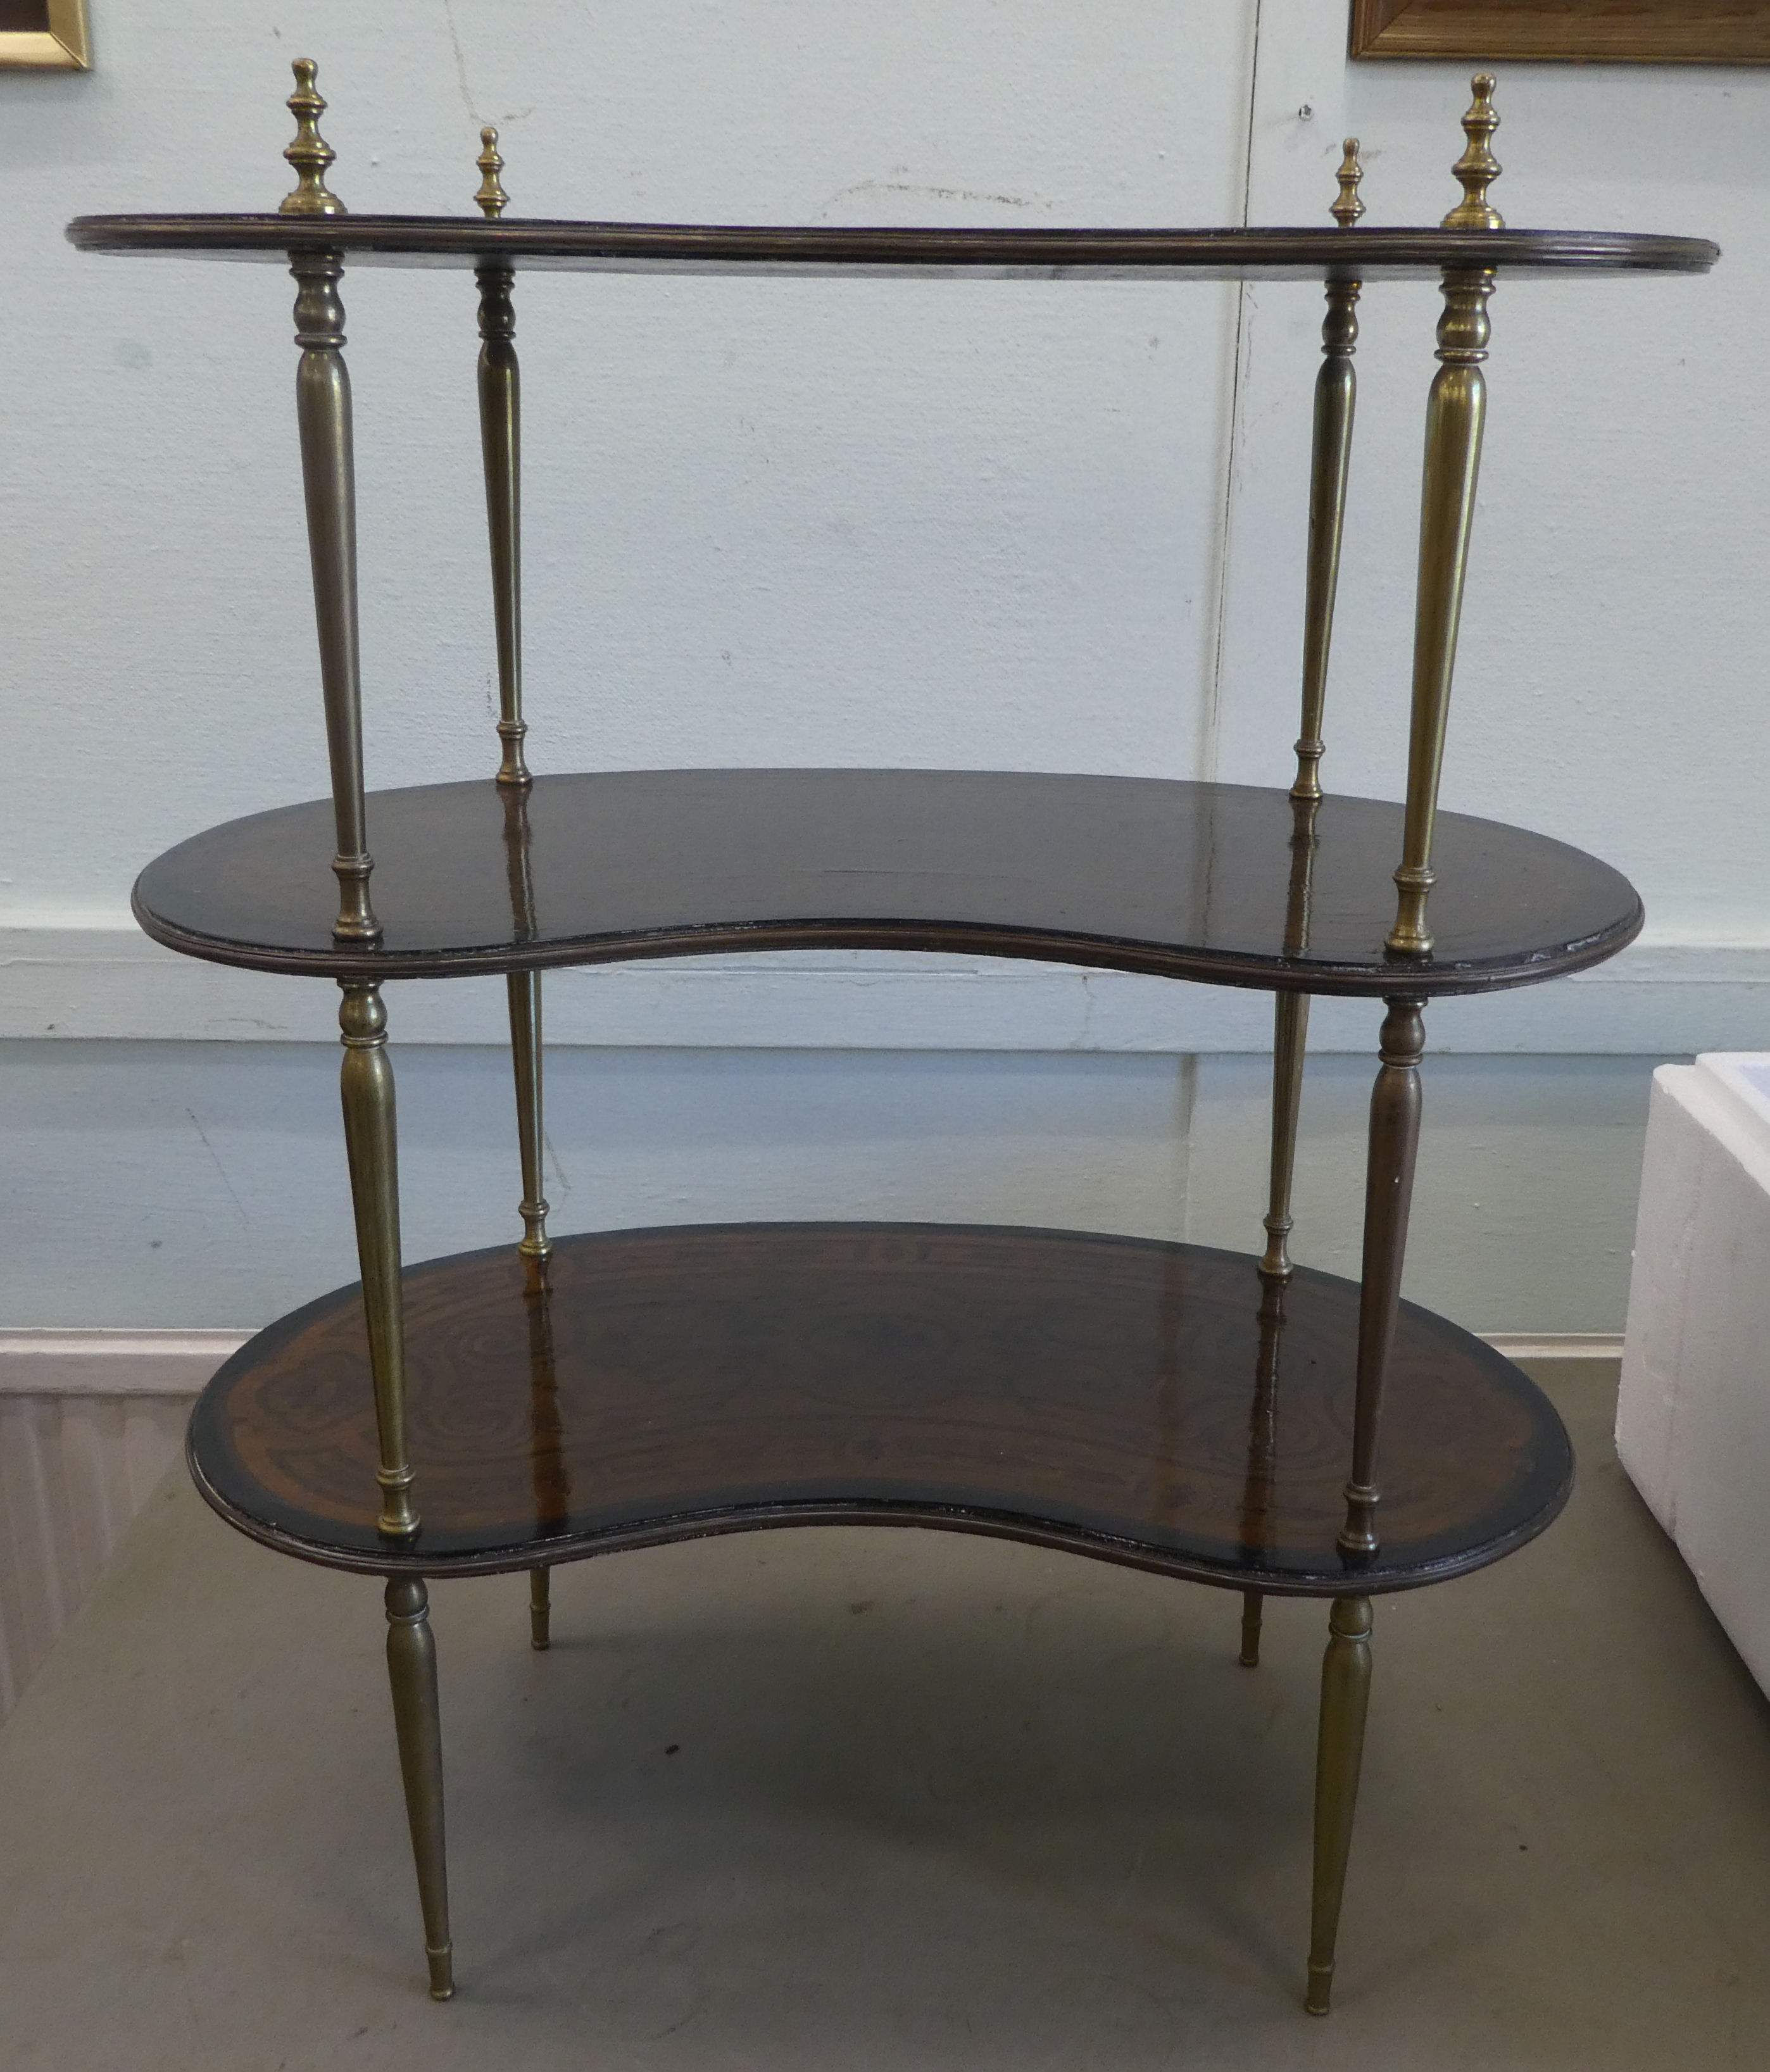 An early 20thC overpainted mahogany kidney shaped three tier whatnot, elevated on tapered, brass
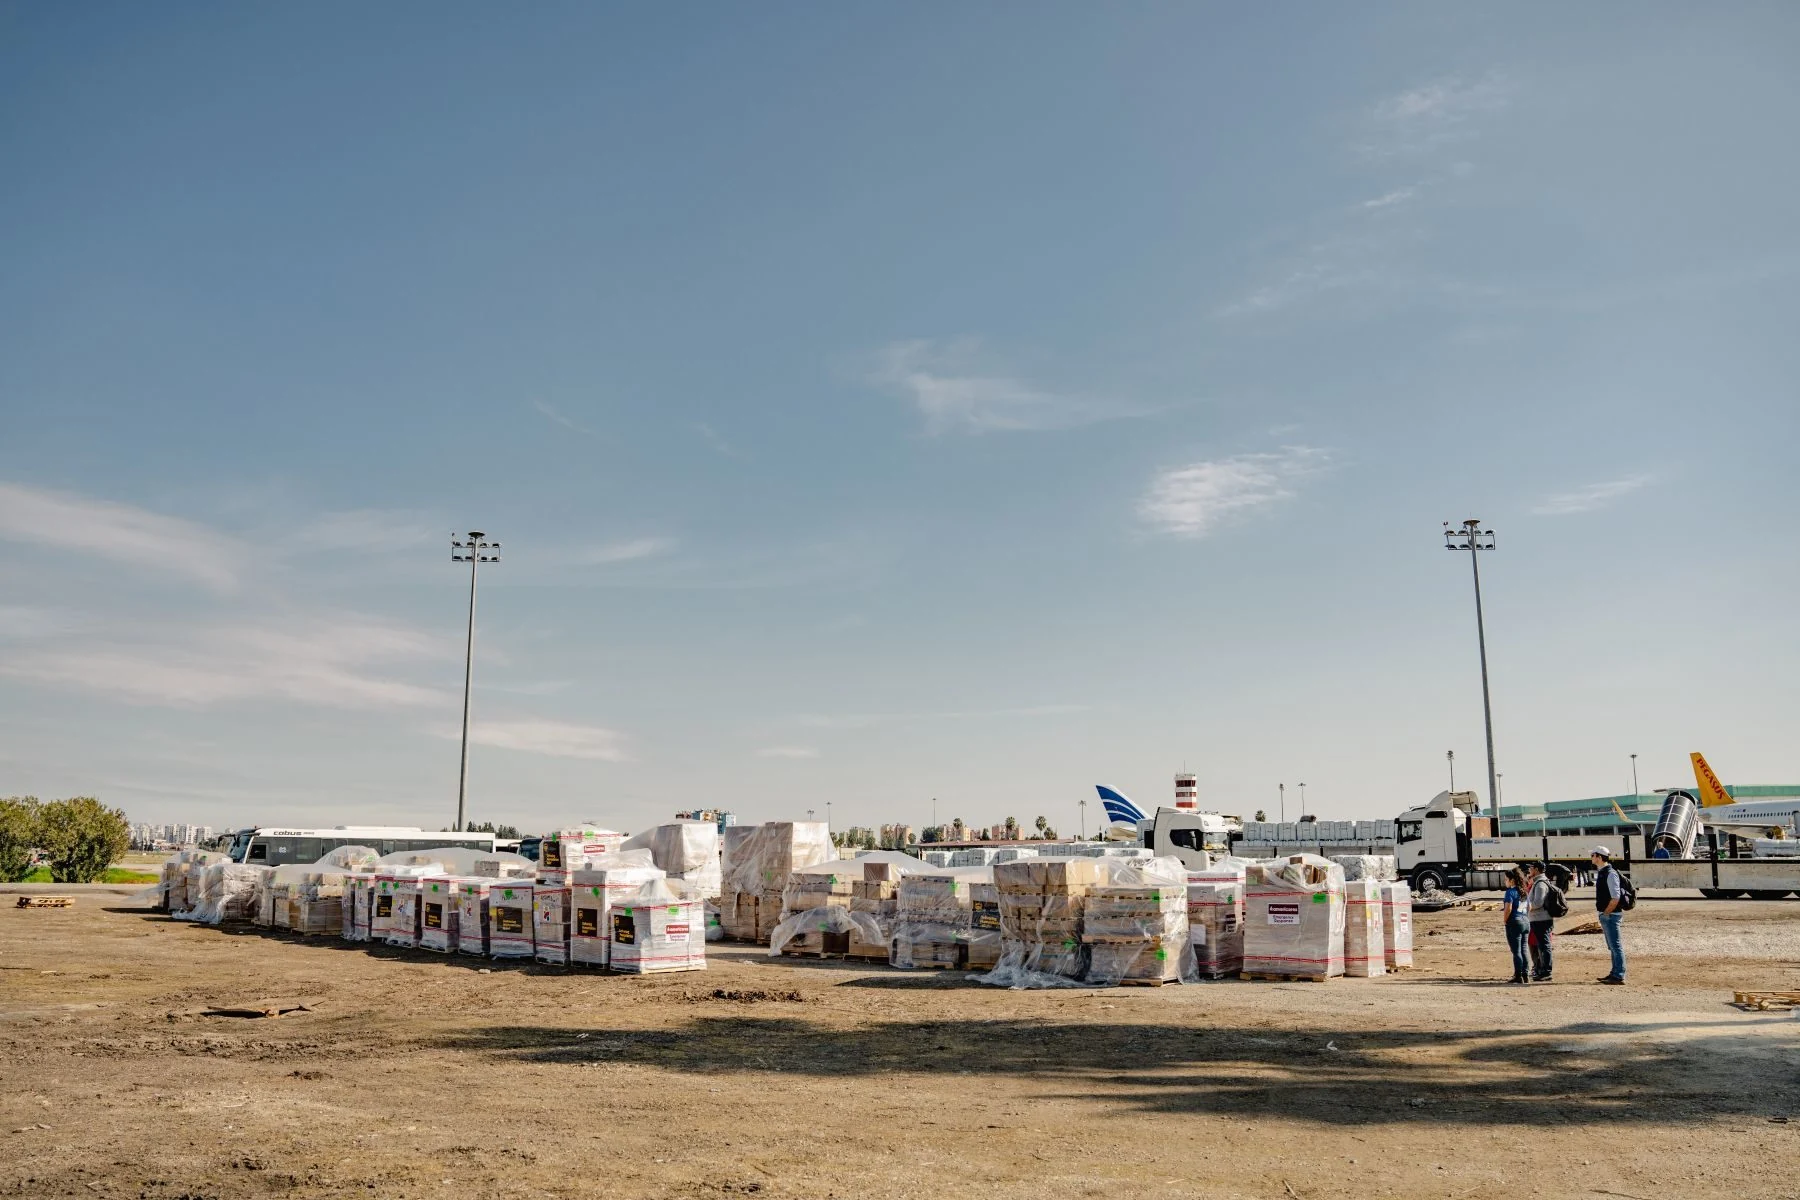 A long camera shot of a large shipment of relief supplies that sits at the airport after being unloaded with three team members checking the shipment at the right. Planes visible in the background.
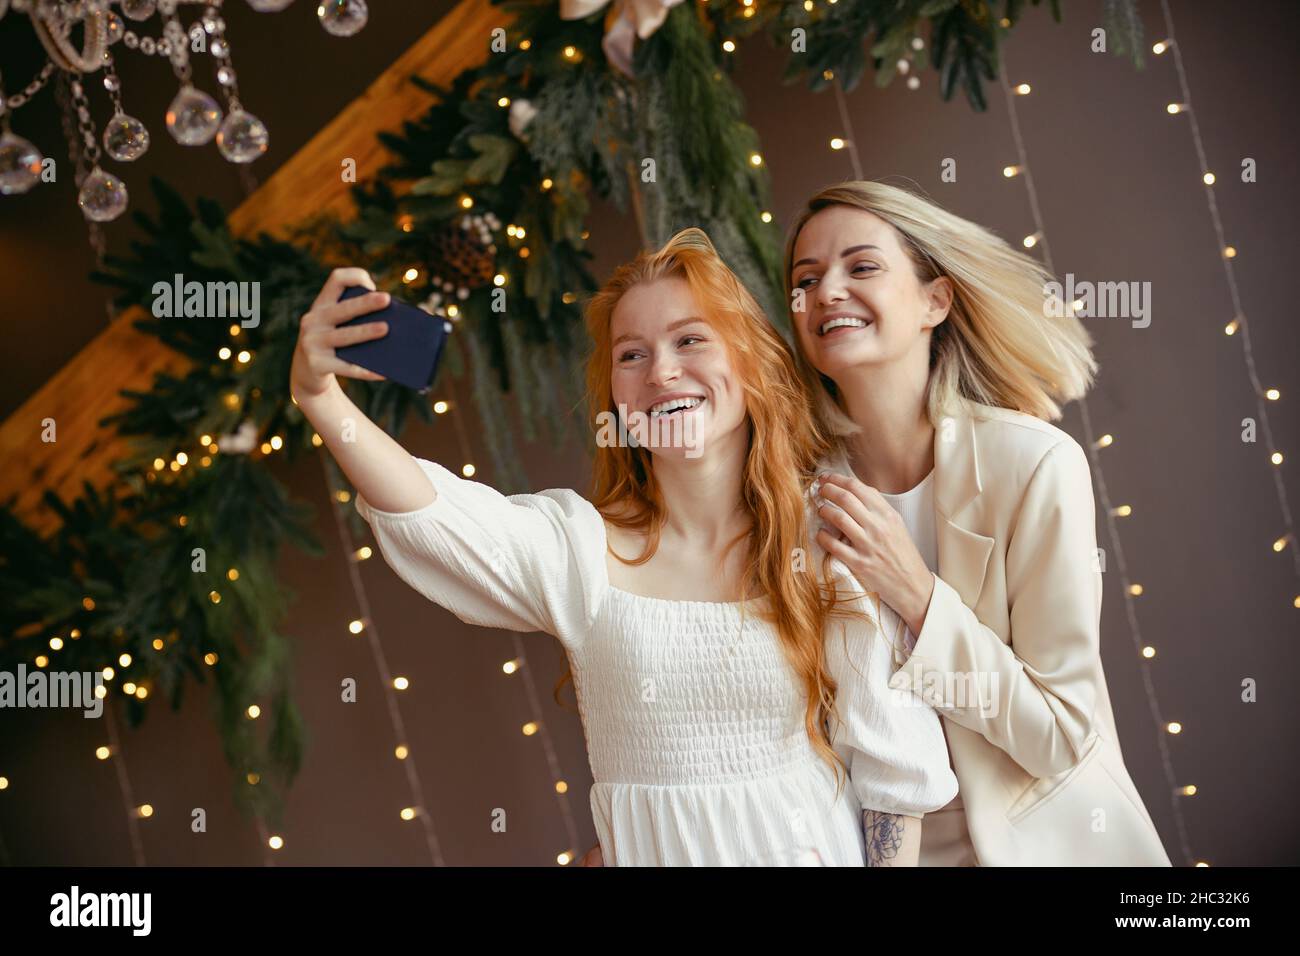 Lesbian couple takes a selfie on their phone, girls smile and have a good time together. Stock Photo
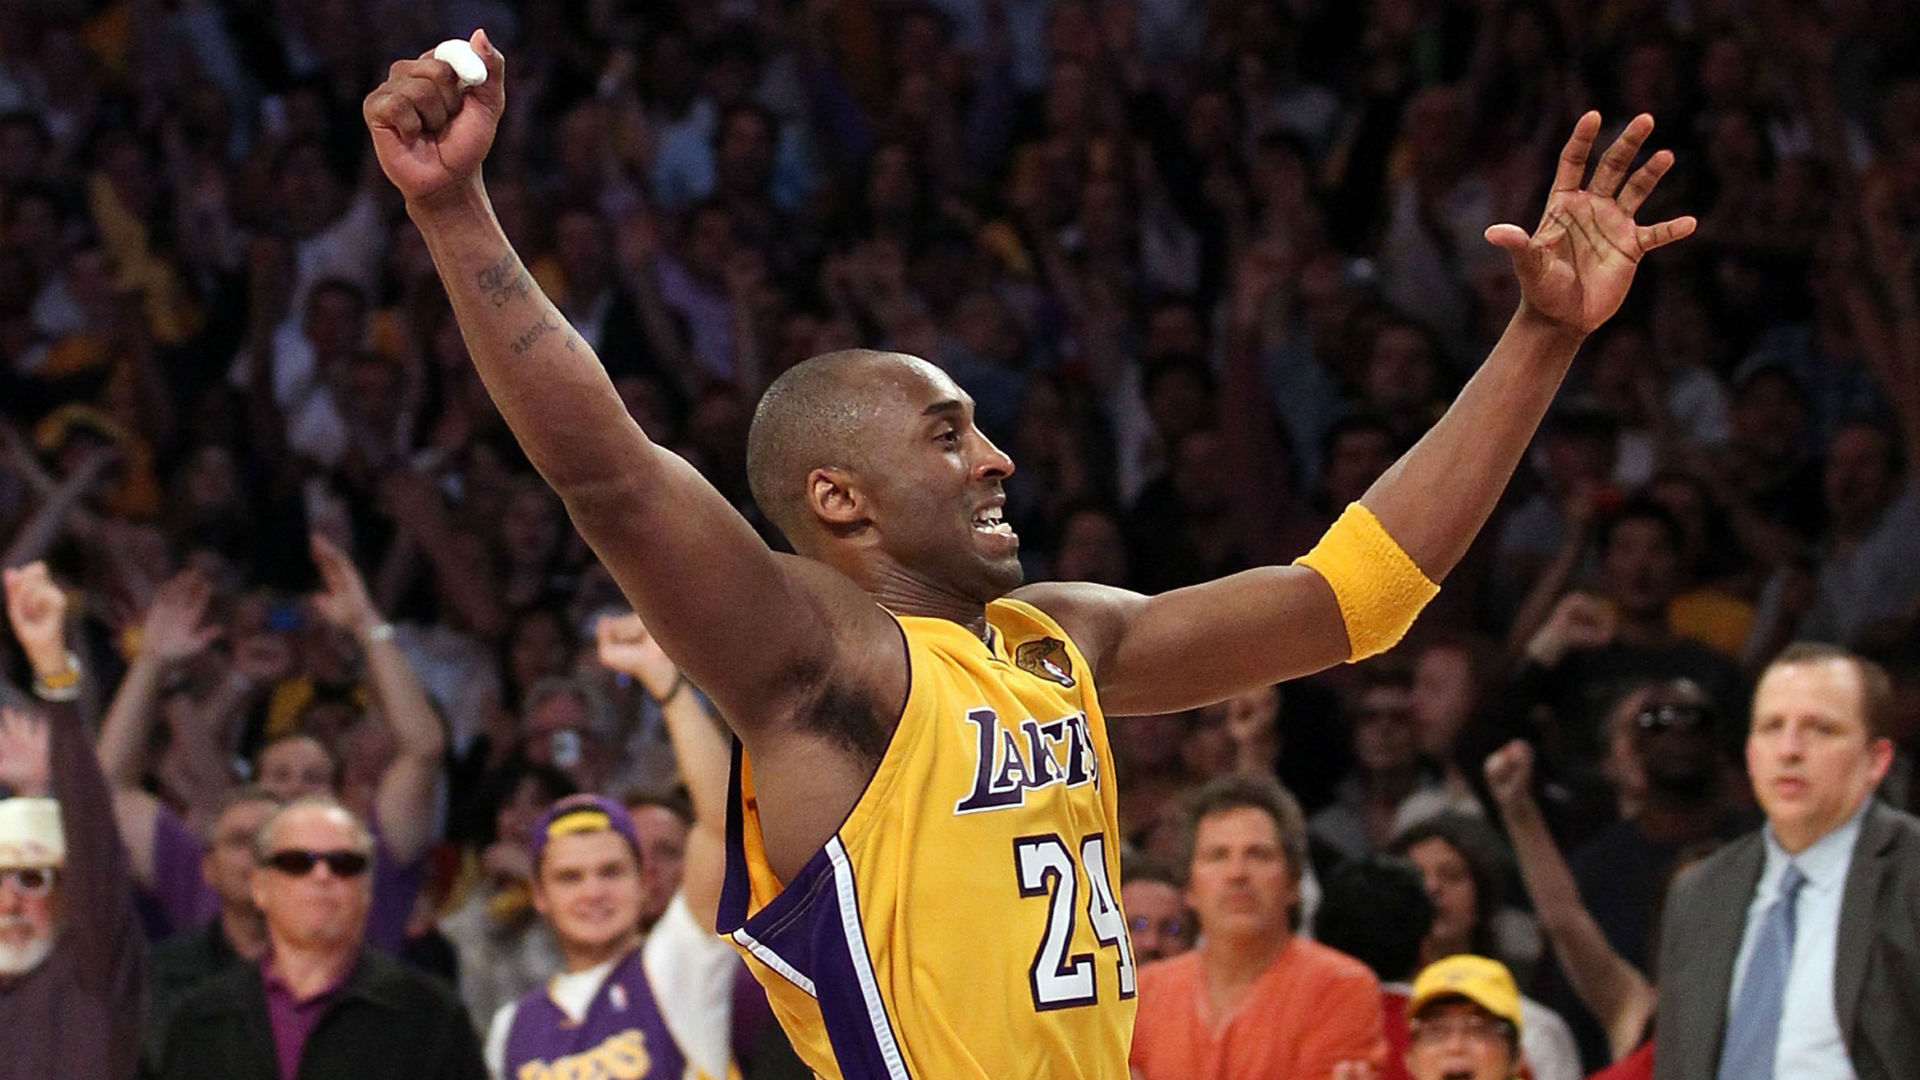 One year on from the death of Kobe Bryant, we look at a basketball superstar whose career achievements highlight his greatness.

§ EXERCISE DETAILS
Copy the listing above exactly, minus the pictures.

§ RESULT BELOW
 An early 20thC overpainted mahogany kidney shaped three tier whatnot, elevated on tapered, brass
 A long camera shot of a large shipment of relief supplies that sits at the airport after being unloaded with three team members checking the shipment at the right. Planes visible in the background.
 Lesbian couple takes a selfie on their phone, girls smile and have a good time together. Stock Photo
 One year on from the death of Kobe Bryant, we look at a basketball superstar whose career achievements highlight his greatness.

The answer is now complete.